A cash-secured put on MIRM is the cash-secured put strategy applied to MIRM (stock). The strategy is structurally neutral to slightly bullish: A cash-secured put sells an out-of-the-money put while holding cash equal to the strike-times-100 obligation, keeping the premium when the underlying stays above the strike. With MIRM stock trading near $103.34, the strikes shown on this page are snapped to the nearest listed MIRM chain strike and the premiums come straight from the end-of-day bid/ask midpoint.
How are MIRM cash-secured put max profit and max loss calculated?
Max profit equals premium times 100; max loss equals strike minus premium times 100 (at zero, assuming assignment). Breakeven is strike minus premium. For the MIRM cash-secured put priced from the end-of-day chain at a 30-day expiry (ATM IV 44.50%), the computed maximum profit is $320.00 per contract and the computed maximum loss is -$9,679.00 per contract. Live intraday quotes will differ as the chain moves through the trading session.
What is the breakeven for a MIRM cash-secured put?
The breakeven for the MIRM cash-secured put priced on this page is roughly $96.80 at expiration, derived from end-of-day chain premiums. Breakeven is the underlying price at which the strategy's P&L crosses zero ignoring transaction costs and assignment risk. The current MIRM market-implied 1-standard-deviation expected move is approximately 12.76%; if the move sits well outside the breakeven distance, the structure's risk-reward becomes correspondingly tighter.

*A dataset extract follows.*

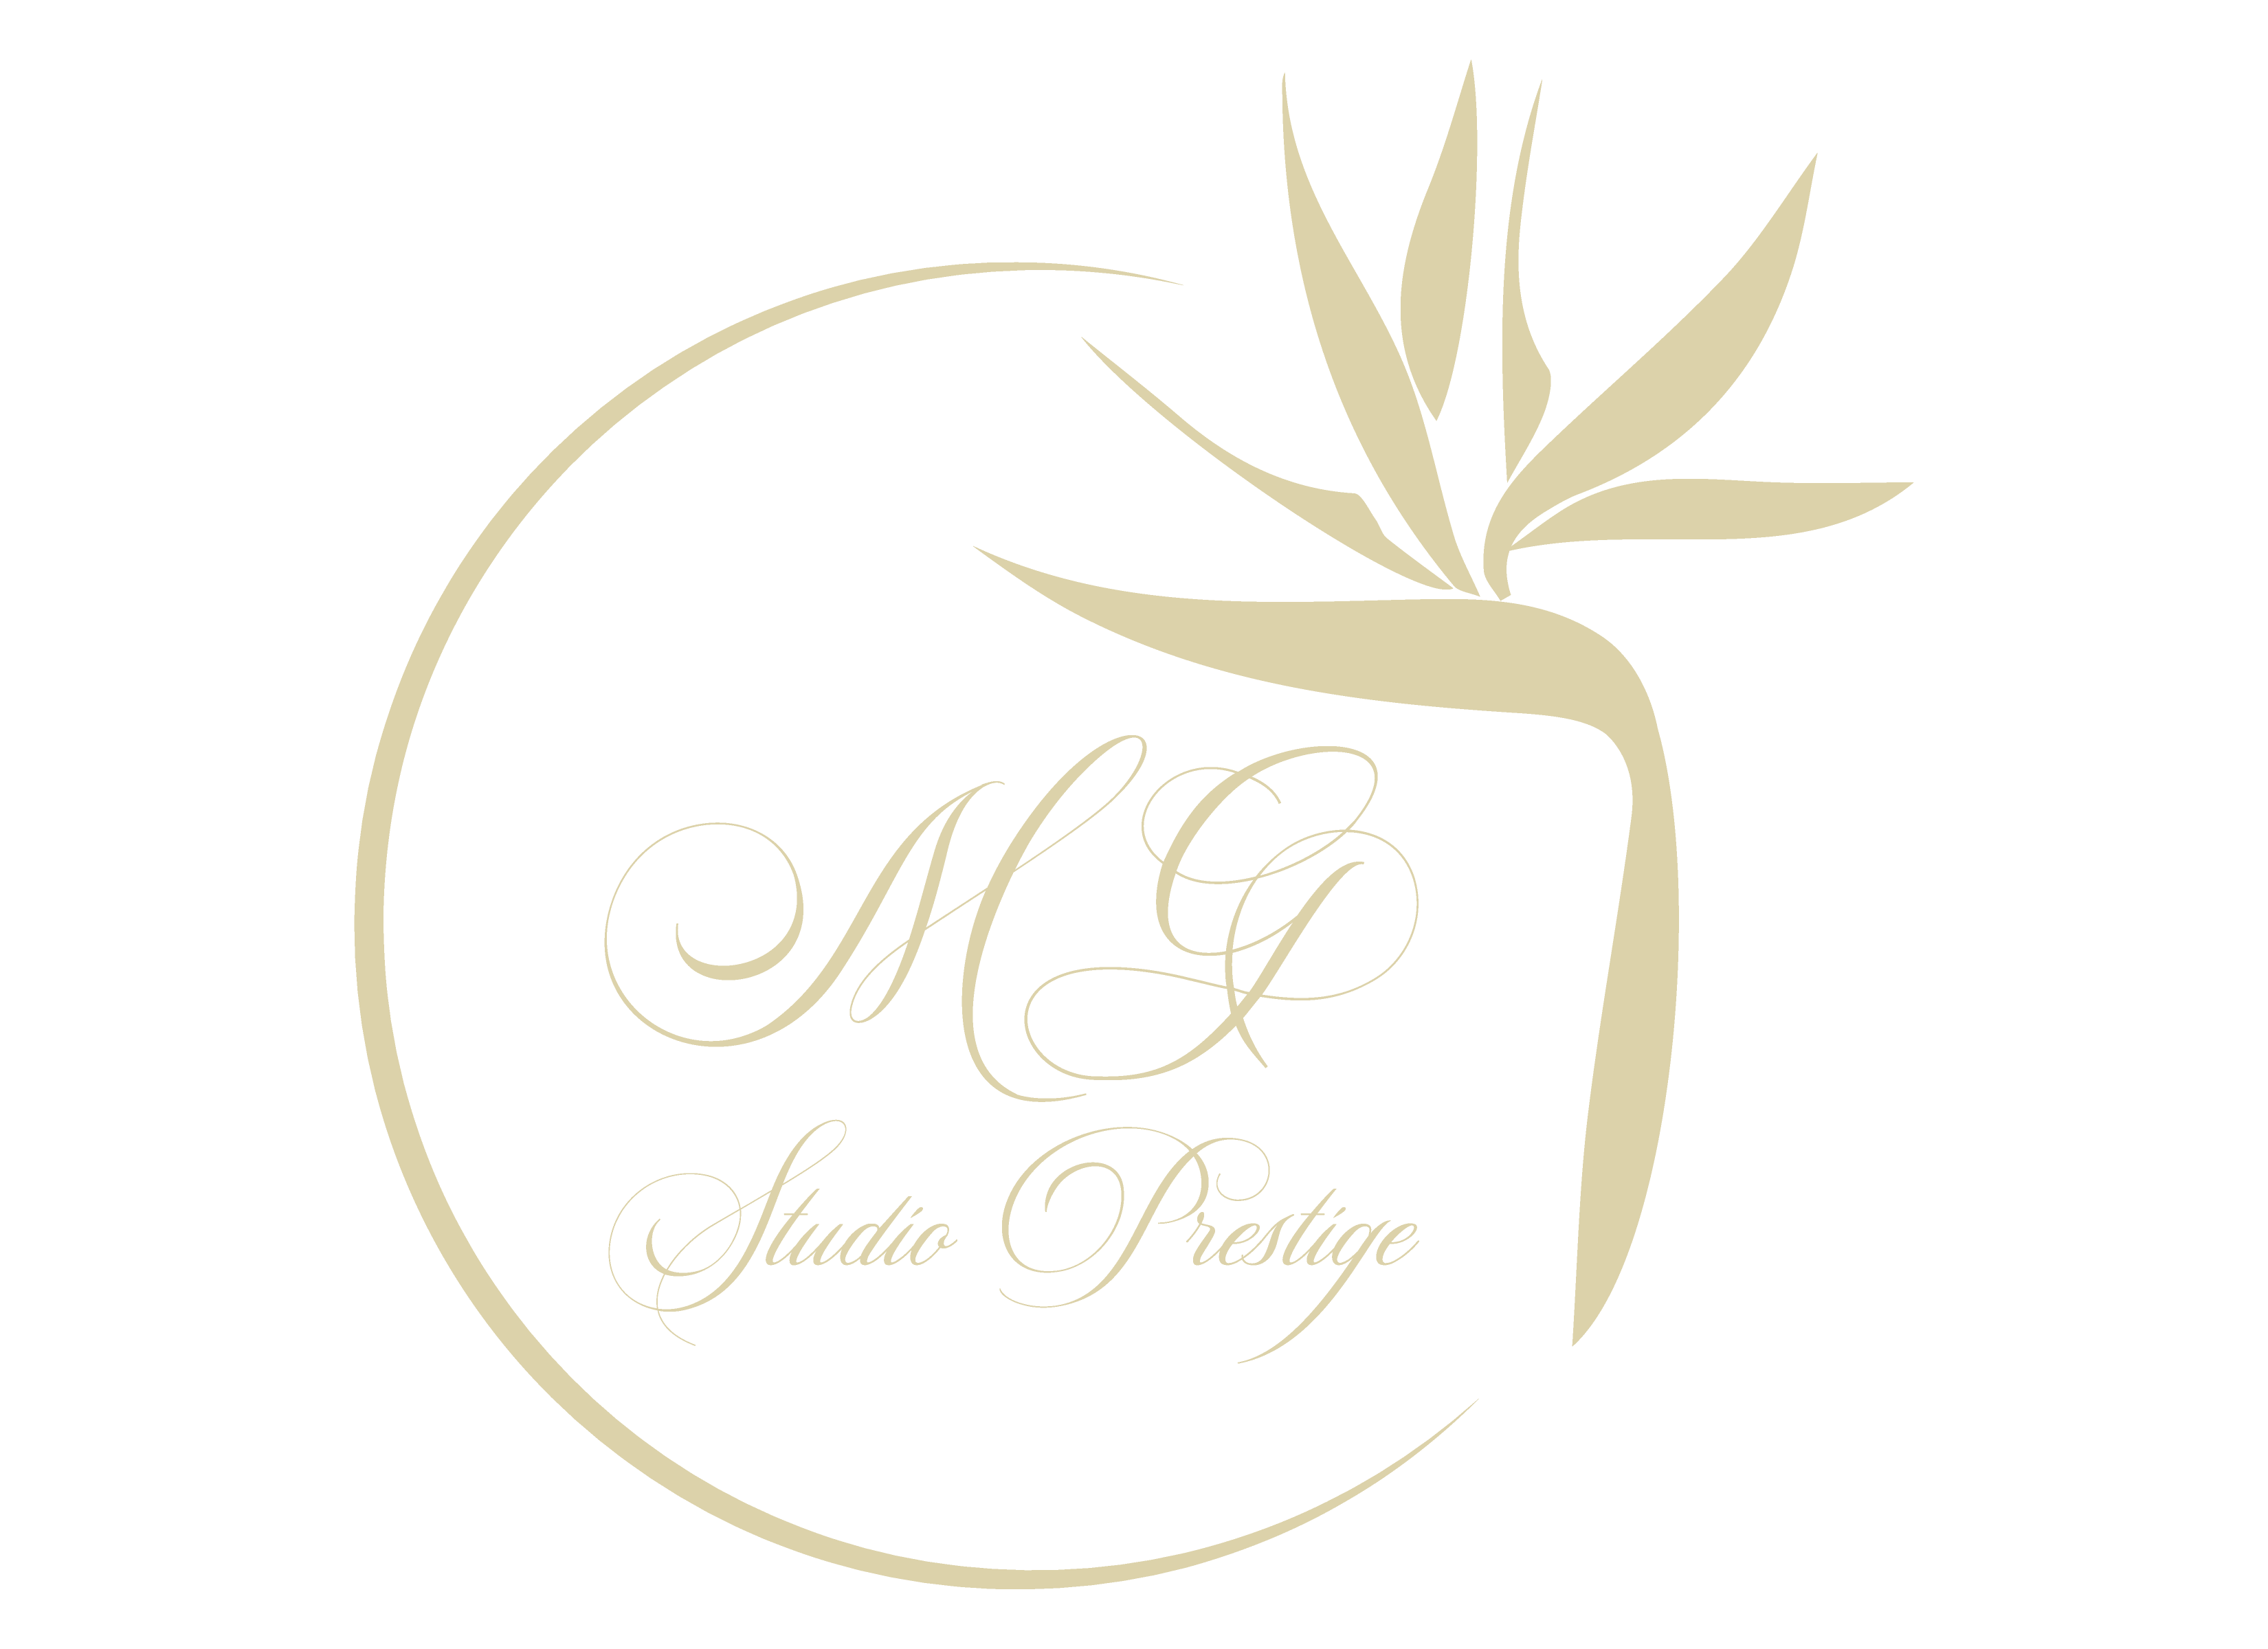 MG STUDIO PRESTIGE Logo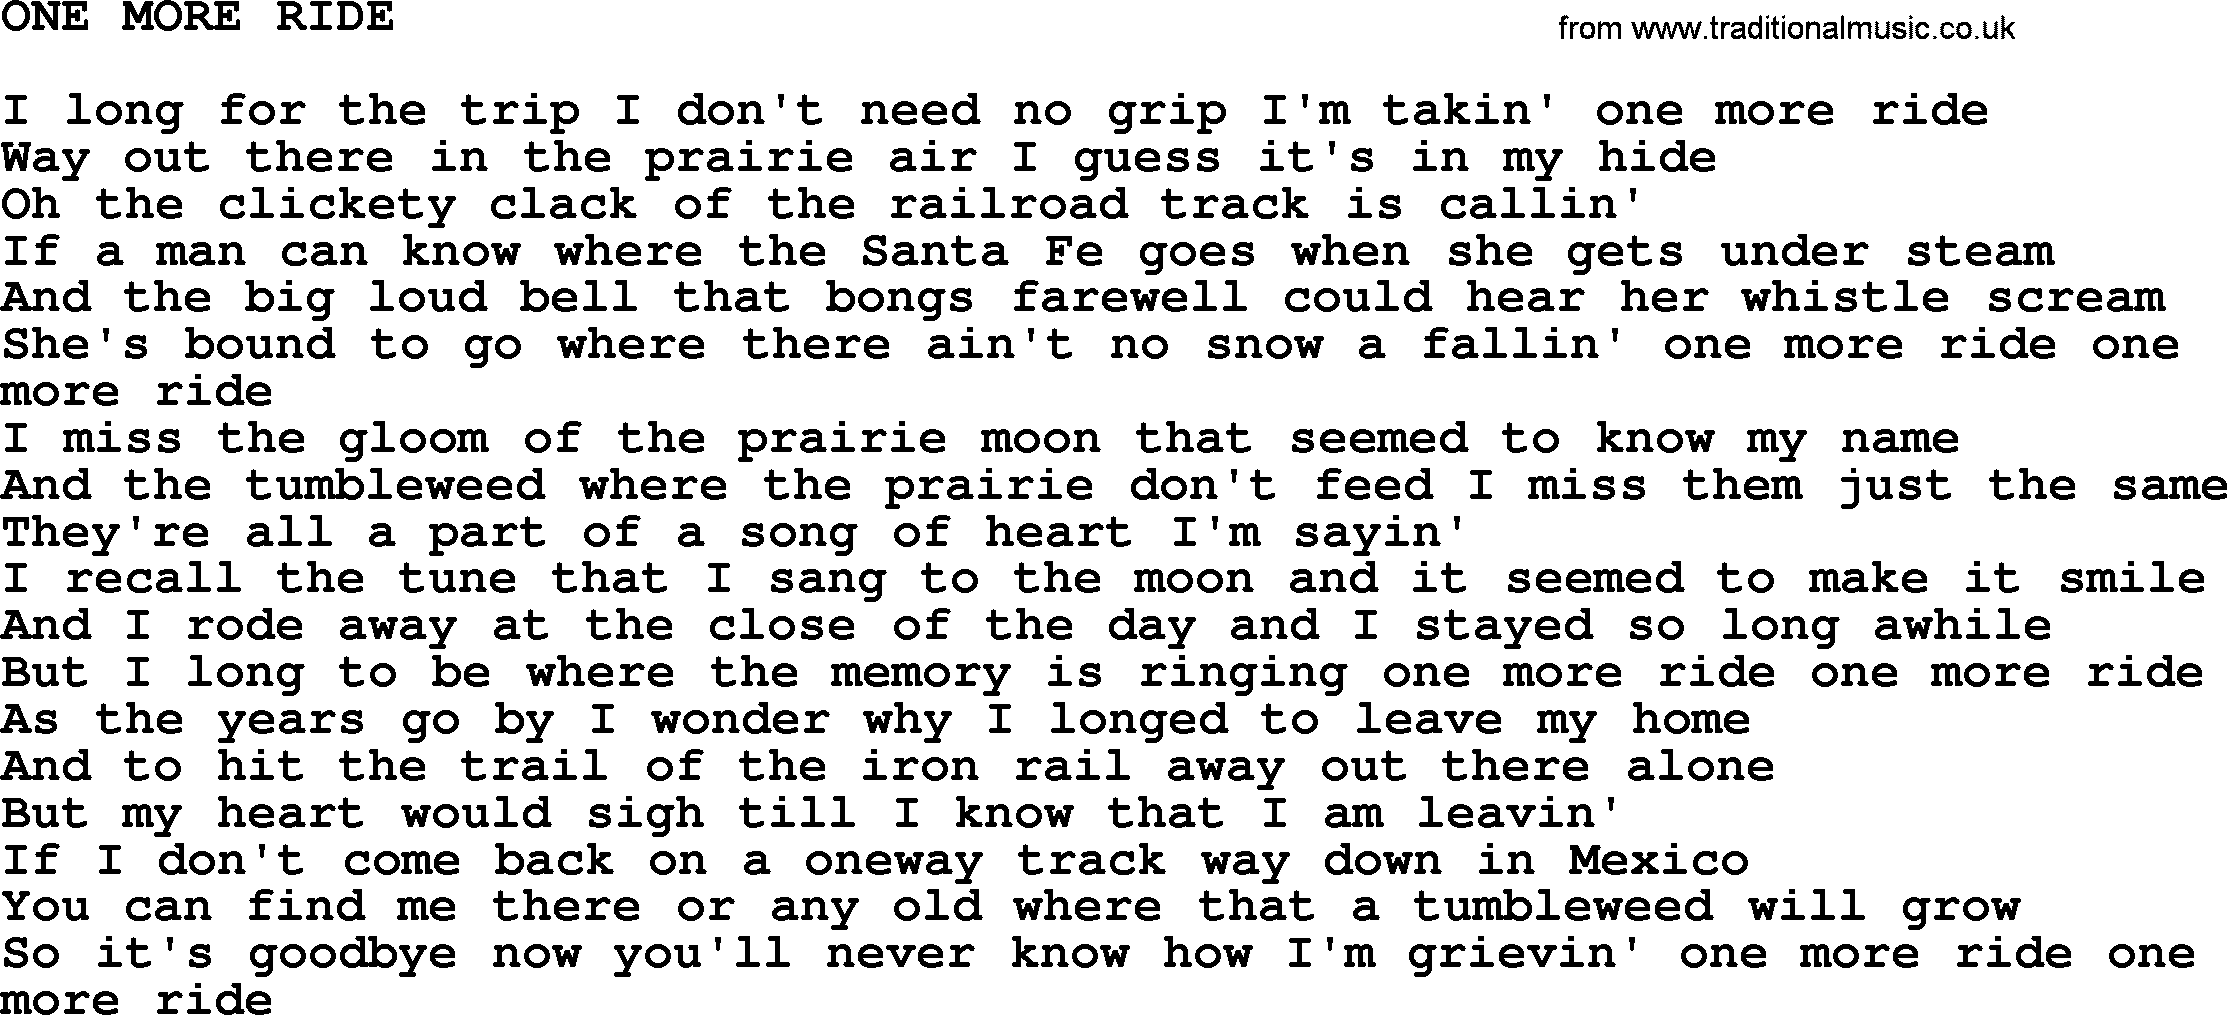 Johnny Cash song One More Ride.txt lyrics

When should you consider a cash-secured put on MIRM?
Cash-secured puts on MIRM earn premium while a trader waits to acquire MIRM stock at a target strike below the current quote; most attractive when IV is rich and the trader is comfortable owning MIRM.
How does current MIRM implied volatility affect this cash-secured put?
MIRM ATM IV is at 44.50% with IV rank near 23.05%, which is on the low end of its 1-year range. Premium-buying structures (long call, long put, debit spreads) are relatively cheap in this regime; premium-selling structures collect less credit per unit risk.